# Performance Improvement of General-Synchronous Circuits by Variable Latency Technique using Dynamic Timing-Error Detection

Shimpei Sato

Hiroshi Nakatsuka

Dept. of Information and Communications Engineering Tokyo Institute of Technology Meguro-ku, Tokyo, Japan satos@ict.e.titech.ac.jp Dept. of Communications and Computer Engineering Tokyo Institute of Technology Meguro-ku, Tokyo, Japan nakatsuka@eda.ce.titech.ac.jp Atsushi Takahashi

Dept. of Information and Communications Engineering Tokyo Institute of Technology Meguro-ku, Tokyo, Japan atsushi@ict.e.titech.ac.jp

Abstract— General-synchronous circuits have a better performance compared to a complete-synchronous circuit. The performance of them is expected to be further improved by allowing speculative execution. In this paper, a high performance generalsynchronous circuits with speculative execution is realized as a variable latency circuit by adopting error-detection and correction mechanism. In our proposed method, a circuit is designed by combining clock scheduling, delay insertion, and speculation effectively. In experiments, we confirmed that 6.7% performance improvement is achieved compared to a general-synchronous circuit with fixed latency.

## I. INTRODUCTION

Most of digital circuits nowadays are designed as clock synchronous circuits with global clocks. In a typical clock synchronous circuit implementation, a global clock is designed to be inputted to every flip-flop simultaneously, and every primitive computation is executed in one clock cycle. In such implementation, the performance of a circuit depends on the clock period, and the maximum delay of primitive computations gives a lower bound of the clock period. Therefore, in order to maximize the performance of a circuit, the reduction of the maximum delay of primitive computations is pursued if primitive computations executed in one clock cycle are given as input [1].

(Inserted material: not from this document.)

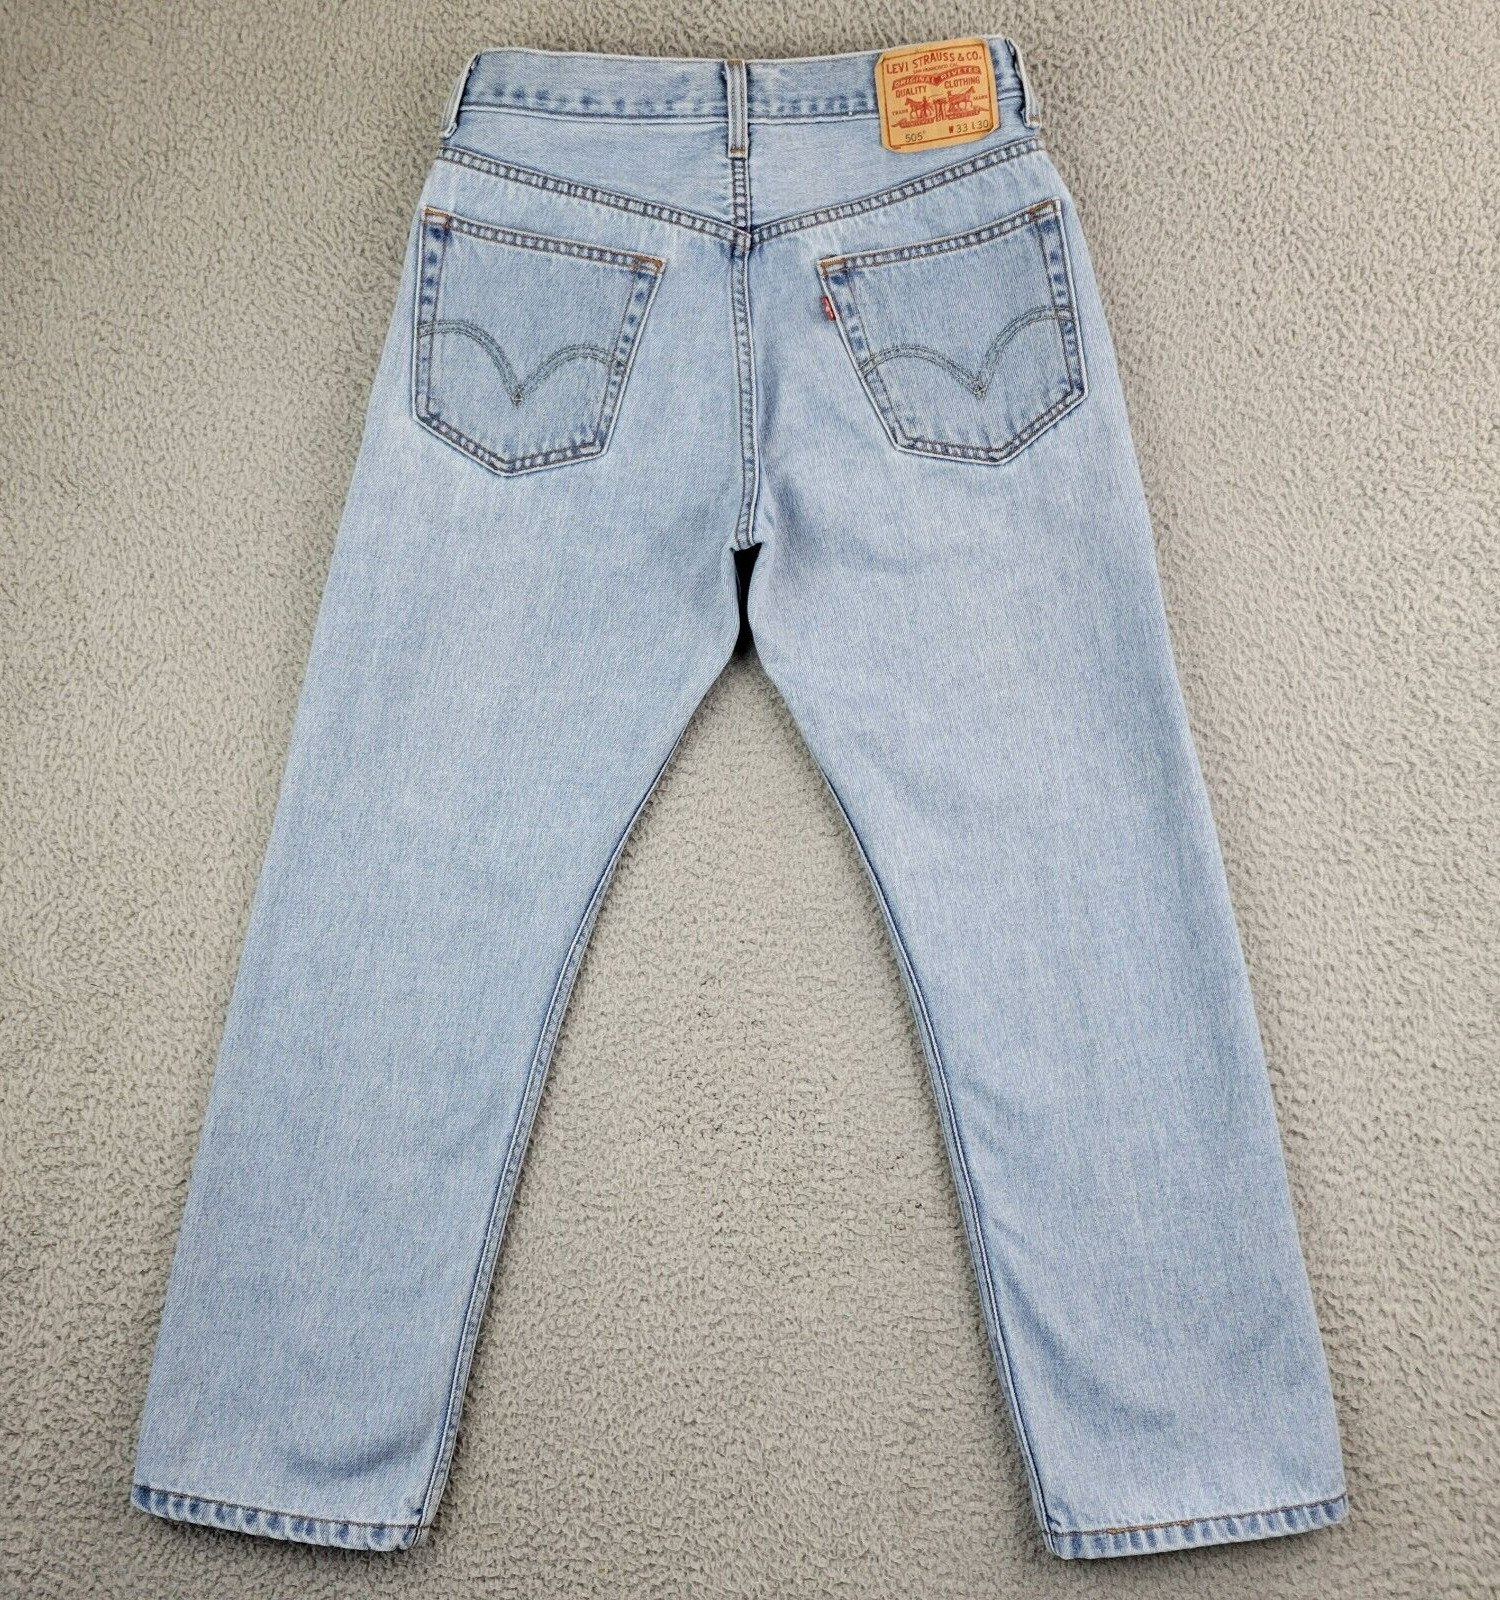 Levis 505 jeans mens 33x28.5 blue 100% cotton regular straight 2006 (tag 32x30)

In this paper, we expand the concept of general-synchronous circuit [2, 3, 4, 5] to handle speculative execution of a primitive computation. In general-synchronous circuit, the clock is assumed to be distributed periodically to each individual register though is not necessarily to all the registers simultaneously. Performance improvement methods [3, 4, 5] in generalsynchronous circuit proposed so far do not take speculative execution of primitive computation into account. By allowing speculative execution in general-synchronous circuit, a smaller clock period of circuit is allowed. Even though the number of clock cycles required to finish computations is increased, the performance is expected to be improved by adopting an appropriate clock period.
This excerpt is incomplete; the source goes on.